Donald Tusk a lui aussi des attentes. En premier lieu, lever le blocage (par Viktor Orban) de la Facilité européenne pour la paix, ce mécanisme qui rembourse les Etats ayant fourni de l'aide à l'Ukraine dès les premières semaines de l'invasion russe. "Les 500 millions d'euros au profit de l'armée polonaise deviennent désormais très réalistes", a commenté le ministre de la Défense Władysław Kosiniak-Kamysz, au lendemain des résultats hongrois.

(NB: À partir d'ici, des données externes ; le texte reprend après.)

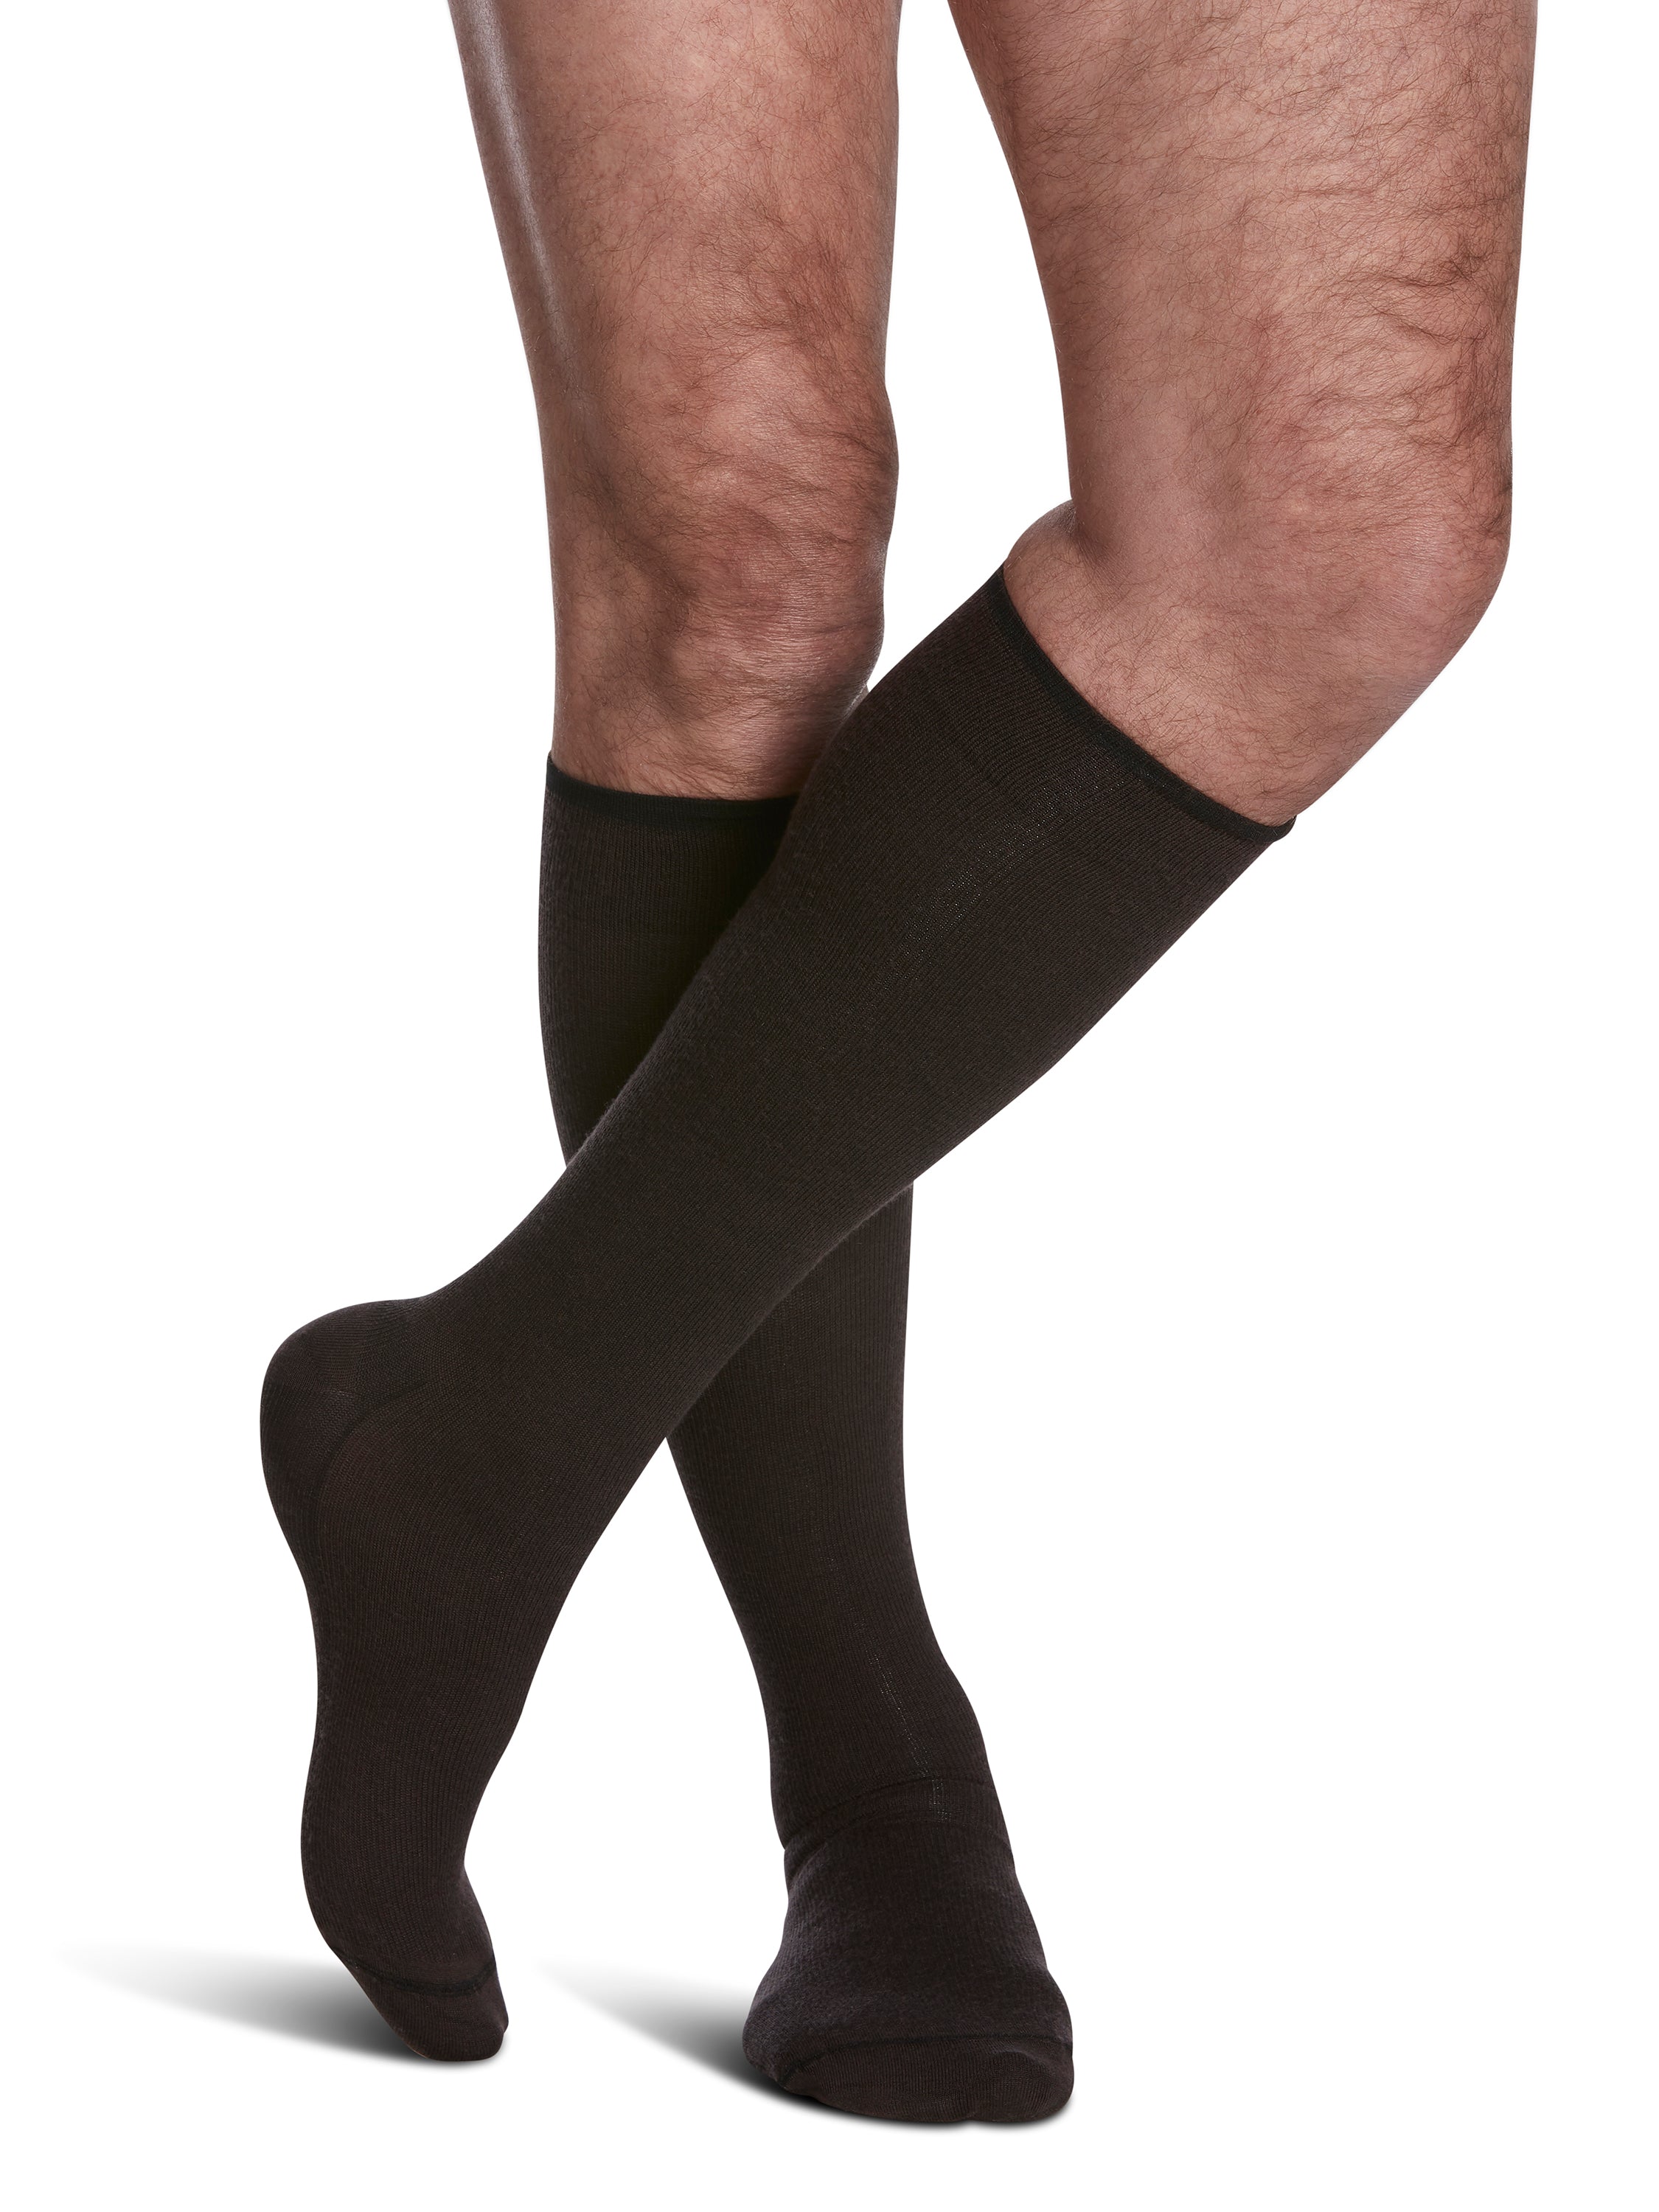 Men's ALL SEASON MERINO WOOL compression socks

A Varsovie, le gouvernement centriste attend également l'extradition de deux anciens cadres du parti souverainiste Droit et Justice (PiS), protégés par "l’asile politique" que la Hongrie d'Orbán leur avait accordé pour échapper aux mandats d'arrêt lancés par le procureur polonais. Zbigniew Ziobro, ancien ministre de la Justice accusé d’avoir détourné des fonds et utilisé le logiciel espion Pegasus contre l'opposition, est visé, tout comme son vice-ministre Marcin Romanowski. "Messieurs Romanowski et Ziobro ne devraient pas s'acheter de meubles, car ils ne resteront pas longtemps en Hongrie", a cinglé Magyar lors de sa première conférence de presse post-électorale.

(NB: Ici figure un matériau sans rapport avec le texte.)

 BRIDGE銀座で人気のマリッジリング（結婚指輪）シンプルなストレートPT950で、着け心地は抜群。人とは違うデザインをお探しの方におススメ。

Du pain bénit pour Donald Tusk, qui nourrit des attentes plus stratégiques de ce rapprochement "historique". "Il veut que Budapest investisse dans les corridors du nord du pays pour relier le pays aux gazoducs de GNL [gaz naturel liquéfié] depuis le port de Gdansk, véritable hub énergétique sur la façade baltique polonaise", insiste Wojciech Przybylski, tandis que Magyar a promis une rupture avec la dépendance énergétique à Moscou d'ici à 2035. Le tandem pourrait également coopérer dans le domaine ferroviaire, le tronçon polono-hongrois de l’autoroute Via Carpatia étant déjà achevé. "L'empreinte des investissements polonais en Hongrie, bien loin de celle de la Tchéquie ou de la Roumanie, devrait sensiblement augmenter", précise Sadecki.

Visegrad 2.0

Ce désir d’alliance peut-il redonner un souffle nouveau au Groupe de Visegrad, ce format informel de coopération entre la Pologne, la Hongrie, la Tchéquie et la Slovaquie, instauré en 1991 ? "Magyar dispose d'un fort capital symbolique et d'une grande légitimité démocratique pour jouer un rôle significatif dans ce format", veut croire Przybylski. Le chantier est immense : les chefs d'Etat et de gouvernement ne se sont plus réunis depuis le 27 février 2024, lors d'un sommet à Prague qui avait davantage illustré les fractures du groupe que sa cohésion.

"Les sujets de compétitivité, de financements européens, d'infrastructures et d'agriculture devraient revenir à l'agenda", croit Sadecki. Mais le rapport à la Russie restera un point de friction. "La Pologne se détache nettement par son hostilité à l'égard de l'influence russe. Elle est bien plus proche des Baltes et des Nordiques sur cette question", tandis que les gouvernements hongrois, slovaque et tchèque sont moins tranchés sur la nécessité de couper les ponts avec Moscou. Des divisions sur lesquelles le Kremlin pourrait continuer à capitaliser dans les prochains mois.